Collected data:
★ ★ ★ ★ ★

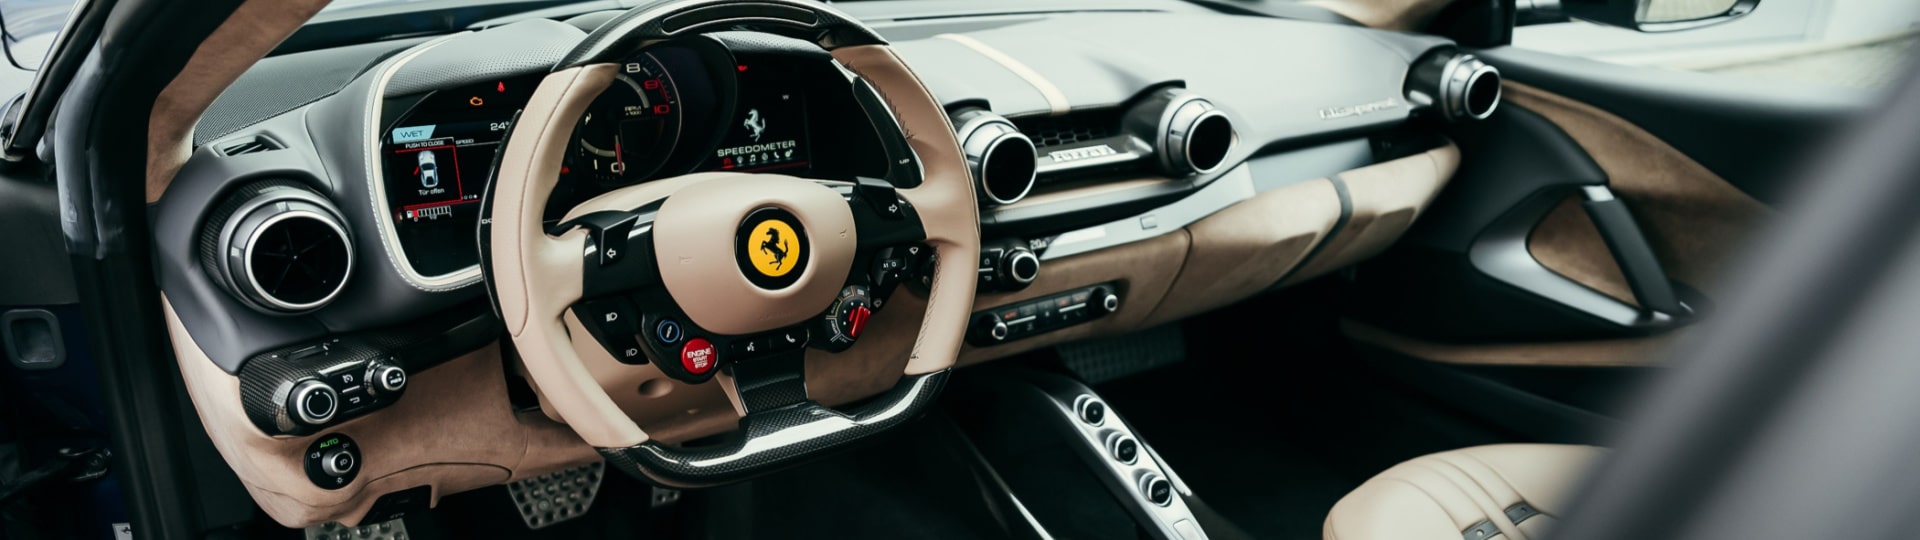 Automobilka Ferrari výrazně zvýšila čtvrtletní zisk
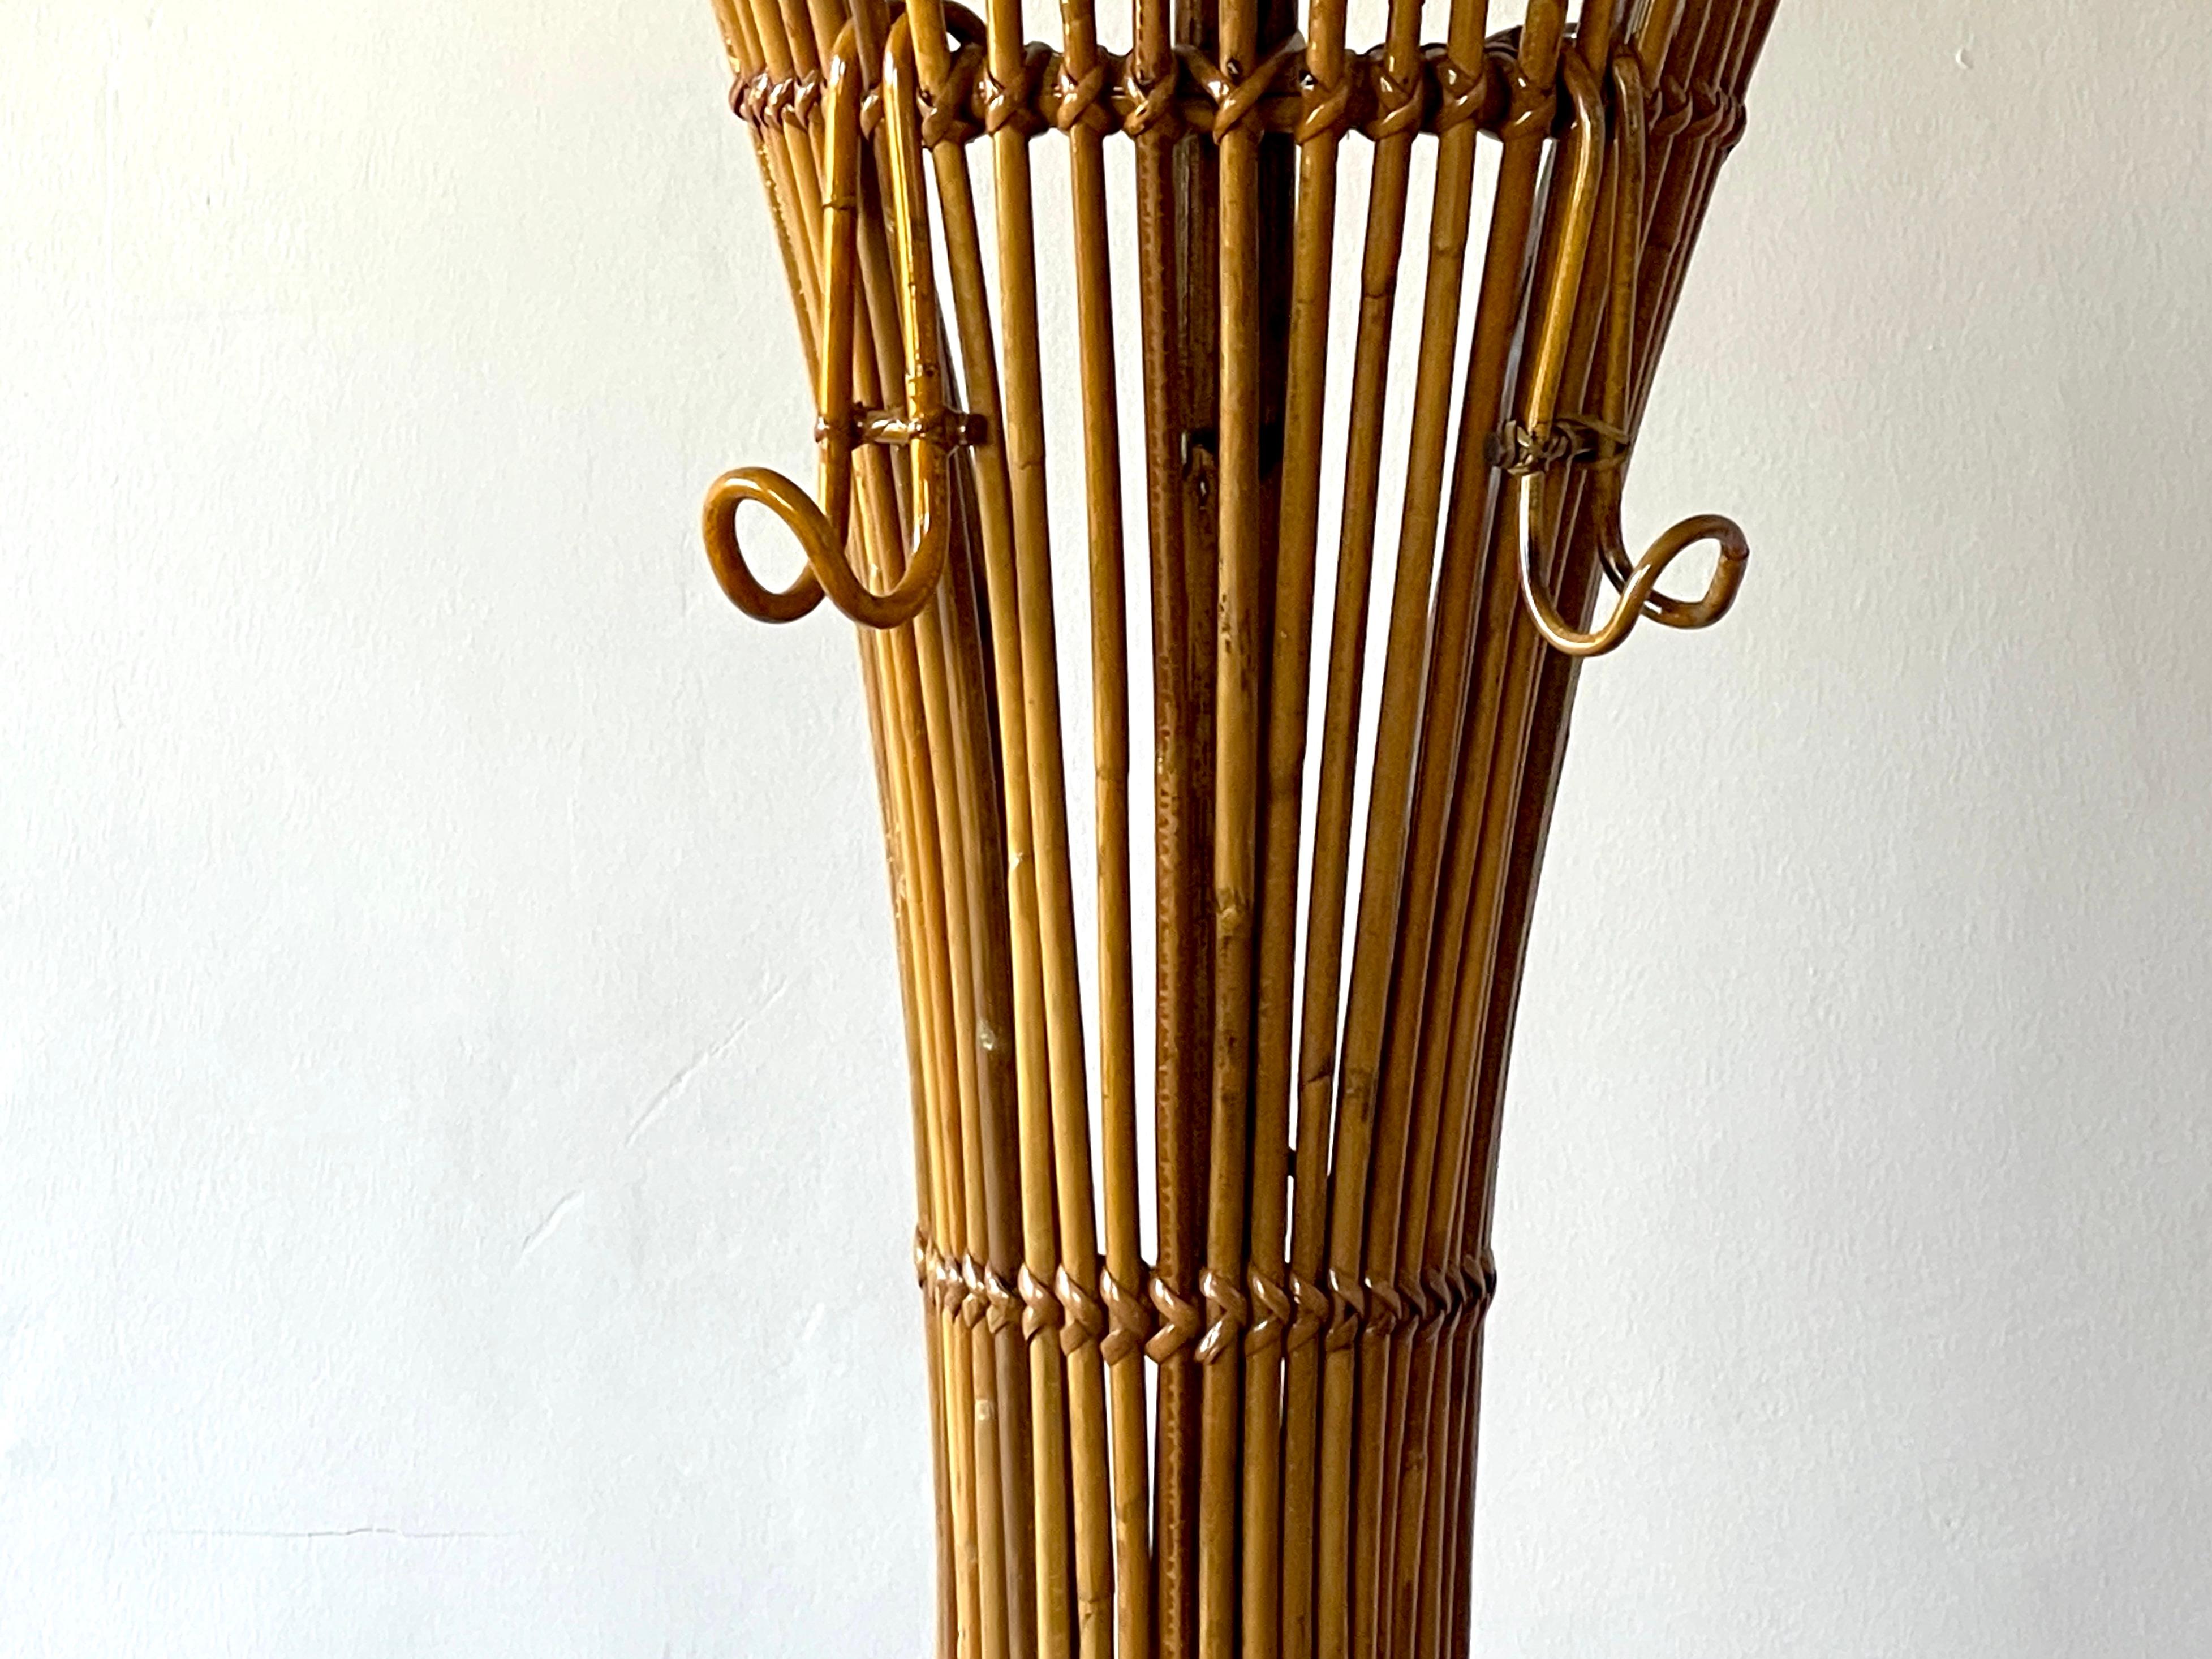 Bamboo Sculptural Tito Agnoli Coatrack For Sale
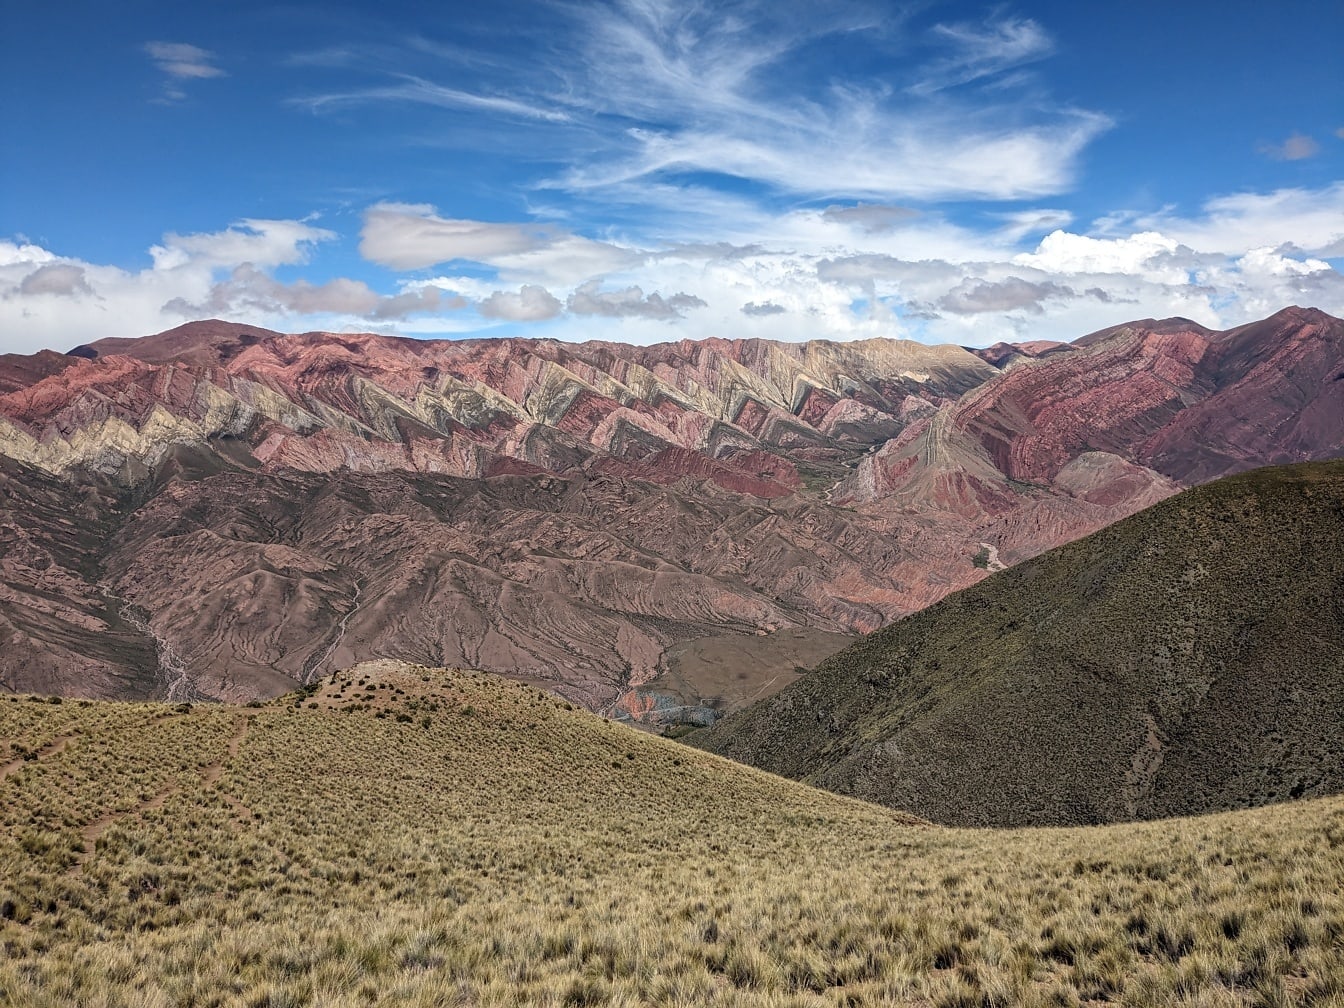 Krajobraz doliny gór Serranía de Hornocal w rezerwacie przyrody Argentyny
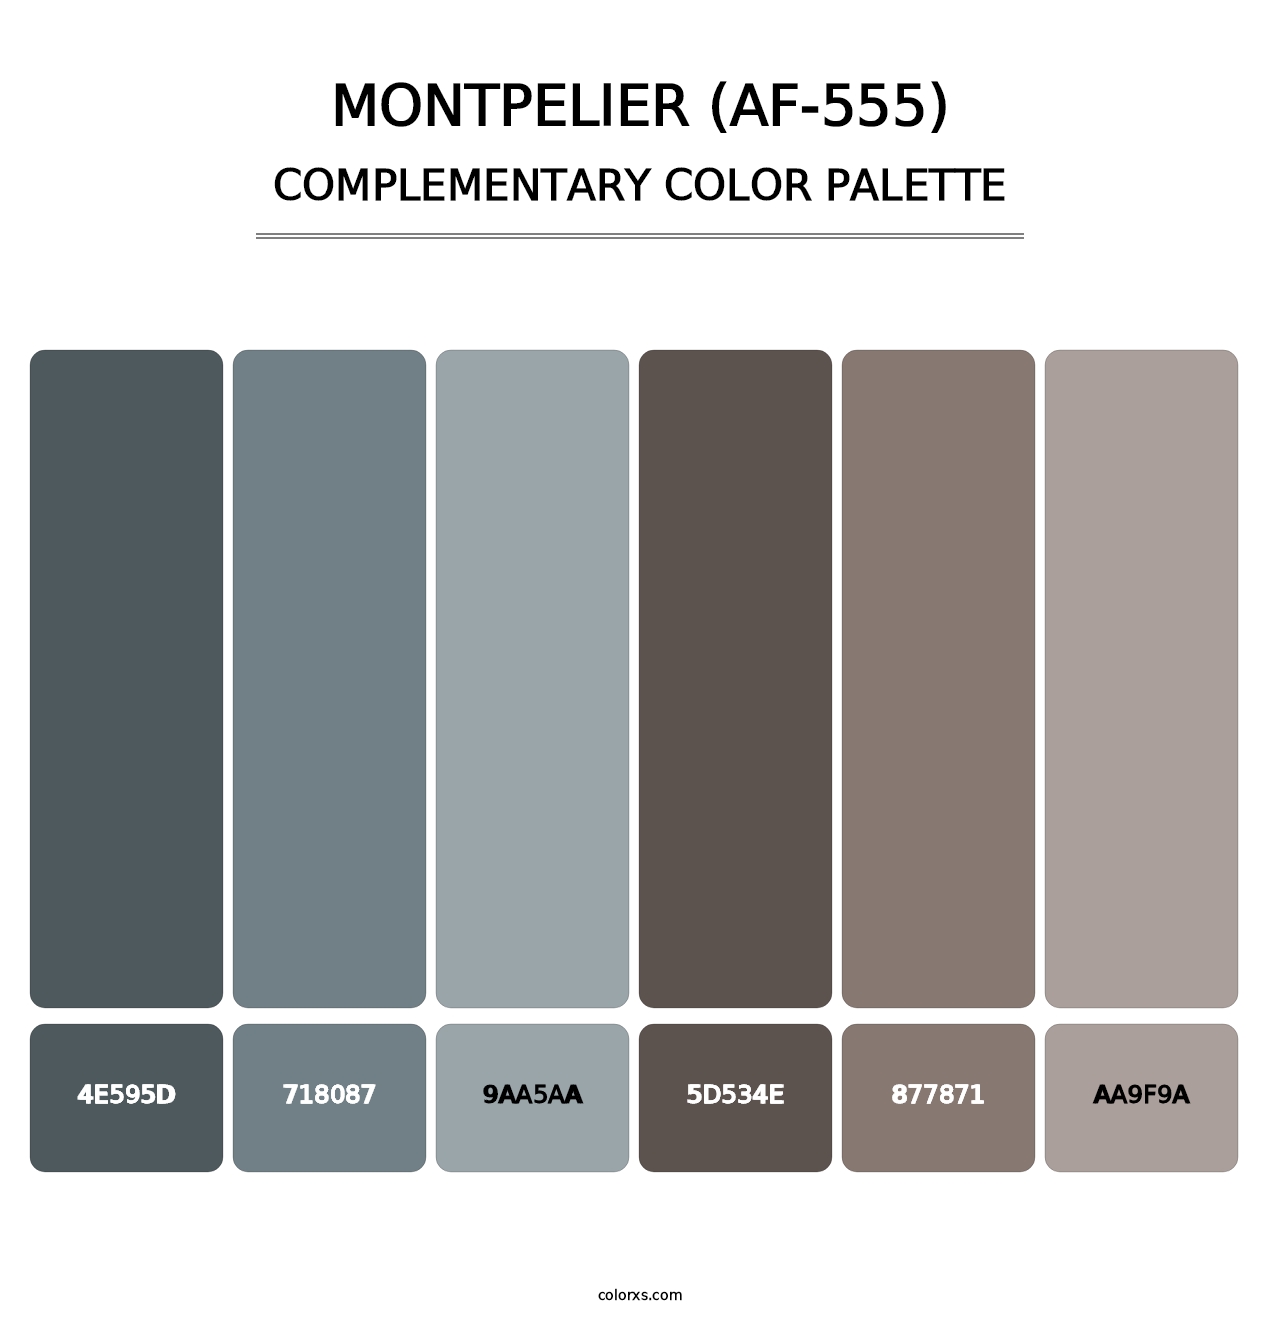 Montpelier (AF-555) - Complementary Color Palette

★ ★ ★ ★ ★

Directions: Retype the lines starting with the one that holds "Bamboo Sculptural Tito" and ending with the last line of the data above, both included; skip the pictures.

Task answer:
 Bamboo Sculptural Tito Agnoli Coatrack For Sale
 Krajobraz doliny gór Serranía de Hornocal w rezerwacie przyrody Argentyny
 Montpelier (AF-555) - Complementary Color Palette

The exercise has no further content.